* _What to work on_:
From the line containing "I just want" down to the line containing "Panasonic R410A service" in the records below, reproduce every line exactly, ends included, and omit all others.

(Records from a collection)
BEGIN

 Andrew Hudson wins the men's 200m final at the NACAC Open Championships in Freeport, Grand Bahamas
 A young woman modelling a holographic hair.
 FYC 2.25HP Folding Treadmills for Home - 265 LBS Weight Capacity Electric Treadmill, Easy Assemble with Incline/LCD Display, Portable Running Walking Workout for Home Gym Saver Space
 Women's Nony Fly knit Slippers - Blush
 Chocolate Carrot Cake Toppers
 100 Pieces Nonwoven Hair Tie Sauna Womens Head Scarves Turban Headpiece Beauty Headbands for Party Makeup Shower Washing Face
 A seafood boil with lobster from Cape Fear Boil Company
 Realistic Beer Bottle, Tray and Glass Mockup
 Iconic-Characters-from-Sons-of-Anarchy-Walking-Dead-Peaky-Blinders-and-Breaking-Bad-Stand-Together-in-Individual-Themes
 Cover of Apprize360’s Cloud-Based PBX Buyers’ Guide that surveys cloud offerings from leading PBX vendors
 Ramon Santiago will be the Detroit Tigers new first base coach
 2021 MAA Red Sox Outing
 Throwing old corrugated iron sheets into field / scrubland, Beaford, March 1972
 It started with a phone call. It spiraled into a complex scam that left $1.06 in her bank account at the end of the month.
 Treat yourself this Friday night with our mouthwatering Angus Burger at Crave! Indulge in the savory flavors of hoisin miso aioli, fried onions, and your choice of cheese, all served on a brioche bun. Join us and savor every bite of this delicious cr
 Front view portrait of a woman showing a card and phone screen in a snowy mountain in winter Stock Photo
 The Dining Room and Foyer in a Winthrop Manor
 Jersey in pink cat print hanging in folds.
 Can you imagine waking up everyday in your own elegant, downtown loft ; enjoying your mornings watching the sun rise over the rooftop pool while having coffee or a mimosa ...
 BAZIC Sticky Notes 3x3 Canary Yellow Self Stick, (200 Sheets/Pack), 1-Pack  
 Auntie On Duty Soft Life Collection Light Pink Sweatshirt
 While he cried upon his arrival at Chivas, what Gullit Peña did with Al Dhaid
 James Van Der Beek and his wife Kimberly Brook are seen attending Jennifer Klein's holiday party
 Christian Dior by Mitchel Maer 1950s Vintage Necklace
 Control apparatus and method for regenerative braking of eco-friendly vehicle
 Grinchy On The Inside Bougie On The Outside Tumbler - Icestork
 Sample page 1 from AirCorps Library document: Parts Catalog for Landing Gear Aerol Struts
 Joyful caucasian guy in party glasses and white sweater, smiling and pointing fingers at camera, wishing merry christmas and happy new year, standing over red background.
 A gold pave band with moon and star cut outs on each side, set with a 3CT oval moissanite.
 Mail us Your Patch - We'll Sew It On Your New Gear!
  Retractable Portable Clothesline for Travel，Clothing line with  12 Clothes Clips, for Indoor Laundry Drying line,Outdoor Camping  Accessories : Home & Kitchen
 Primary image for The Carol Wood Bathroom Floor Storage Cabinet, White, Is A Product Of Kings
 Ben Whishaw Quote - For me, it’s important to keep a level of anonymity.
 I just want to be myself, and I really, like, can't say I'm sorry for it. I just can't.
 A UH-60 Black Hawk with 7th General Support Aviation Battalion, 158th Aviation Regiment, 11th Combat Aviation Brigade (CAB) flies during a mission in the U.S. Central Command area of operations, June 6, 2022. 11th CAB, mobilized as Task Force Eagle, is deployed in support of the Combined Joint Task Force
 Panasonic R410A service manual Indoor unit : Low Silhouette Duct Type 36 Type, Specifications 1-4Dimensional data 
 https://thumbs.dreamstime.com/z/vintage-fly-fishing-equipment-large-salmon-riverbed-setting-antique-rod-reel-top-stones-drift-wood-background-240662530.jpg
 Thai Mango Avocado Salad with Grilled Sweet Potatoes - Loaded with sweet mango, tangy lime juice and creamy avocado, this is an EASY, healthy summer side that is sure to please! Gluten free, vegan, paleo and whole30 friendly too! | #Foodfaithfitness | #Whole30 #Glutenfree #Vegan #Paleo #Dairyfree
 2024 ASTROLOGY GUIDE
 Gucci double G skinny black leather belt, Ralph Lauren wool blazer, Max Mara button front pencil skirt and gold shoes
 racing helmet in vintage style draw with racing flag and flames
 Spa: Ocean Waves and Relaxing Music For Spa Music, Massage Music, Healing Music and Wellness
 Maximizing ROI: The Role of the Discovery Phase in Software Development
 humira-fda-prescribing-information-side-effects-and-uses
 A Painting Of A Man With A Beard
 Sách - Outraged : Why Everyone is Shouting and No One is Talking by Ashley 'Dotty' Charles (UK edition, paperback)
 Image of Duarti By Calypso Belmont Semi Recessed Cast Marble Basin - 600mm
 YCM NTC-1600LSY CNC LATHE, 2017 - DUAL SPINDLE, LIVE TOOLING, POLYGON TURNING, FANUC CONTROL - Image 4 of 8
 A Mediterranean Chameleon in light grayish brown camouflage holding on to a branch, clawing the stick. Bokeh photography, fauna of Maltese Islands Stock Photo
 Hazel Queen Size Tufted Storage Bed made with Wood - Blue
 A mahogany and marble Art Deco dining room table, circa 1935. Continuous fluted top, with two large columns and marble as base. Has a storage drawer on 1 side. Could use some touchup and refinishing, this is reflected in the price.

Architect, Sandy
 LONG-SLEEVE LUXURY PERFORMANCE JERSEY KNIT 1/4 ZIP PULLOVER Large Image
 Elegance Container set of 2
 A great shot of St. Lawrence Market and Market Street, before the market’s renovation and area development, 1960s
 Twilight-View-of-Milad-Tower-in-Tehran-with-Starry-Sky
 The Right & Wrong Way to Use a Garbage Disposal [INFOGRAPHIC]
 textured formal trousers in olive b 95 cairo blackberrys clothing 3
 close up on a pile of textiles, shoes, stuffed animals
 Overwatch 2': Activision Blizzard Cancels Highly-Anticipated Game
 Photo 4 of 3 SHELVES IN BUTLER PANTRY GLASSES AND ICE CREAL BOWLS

END

* _Response for this exercise_:
 I just want to be myself, and I really, like, can't say I'm sorry for it. I just can't.
 A UH-60 Black Hawk with 7th General Support Aviation Battalion, 158th Aviation Regiment, 11th Combat Aviation Brigade (CAB) flies during a mission in the U.S. Central Command area of operations, June 6, 2022. 11th CAB, mobilized as Task Force Eagle, is deployed in support of the Combined Joint Task Force
 Panasonic R410A service manual Indoor unit : Low Silhouette Duct Type 36 Type, Specifications 1-4Dimensional data 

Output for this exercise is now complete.